If I had to describe this film in a single word, it would be ‘seductive’. Seductive because when you hear General McMahon (played admirably by Pitt) refer to his plan for Afghanistan as ‘an effort to re-build the nation and win the trust of the people’, the lack of blatant Islamophobia in those words makes you think of him as the sole voice of reason in the War On Terror. However, the seduction makes you forget that the nation is being ‘re-built’ for quite some time now, and American troops aren’t so much part of the solution as they are the problem.

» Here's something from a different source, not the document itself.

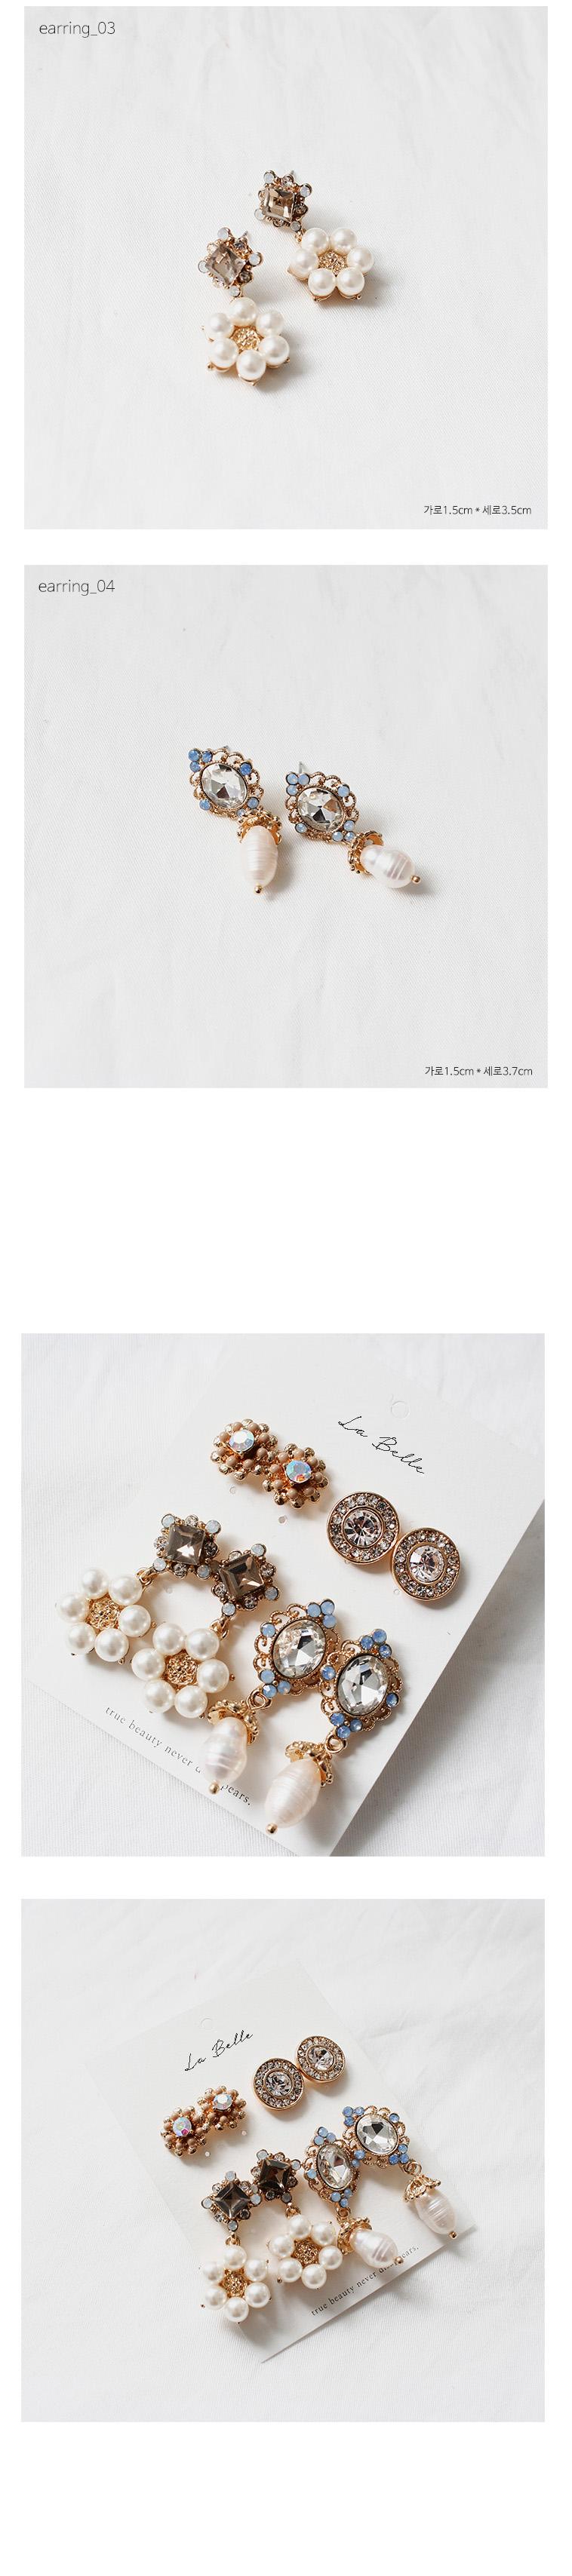 벨라 엔틱 귀걸이SET(무니켈침) - 라벨르, 20,000원, 골드, 볼/미니귀걸이

The film narrates the appointment of General Glen McMahon (a veiled version of General Stanley McChystal) as the new head of the International Security Assistance Force (ISAF) in Afghanistan. With the Afghan war running in it’s 8th year, the US Administration wants McMahon to help ‘bring it home’. The only problem is that no one has the slightest clue as to what ‘IT’ really is. The General decides to tackle the problem in Afghanistan with the doctrine of Counter-insurgency. Which requires the US forces to win the trust of the local population. Which isn’t easy as the local population considers them invaders in the first place. The series of events culminates into a Rolling-Stone article that leads to McMahon’s fall from grace.

The film is an adaption of Michael Hasting’s book ‘The Operators’ and while it starts out as a spoof on the War on Terror, it slowly begins to take on a more sombre tone. The conversation between Tilda Swinton (playing a German reporter) and Brad Pitt is particularly revealing as General McMahon’s seemingly well-intentioned doctrine is scrutinized with brutal honesty and genuine fear. The film is guilty of being inconsistent in projecting McMahon as either a lunatic or a genius (distinctions than often coincide), but the sharp wit and humor of the film make up for such inconsistencies. The question the film tries to answer is, whether the Bull can really ask to repair the China Shop?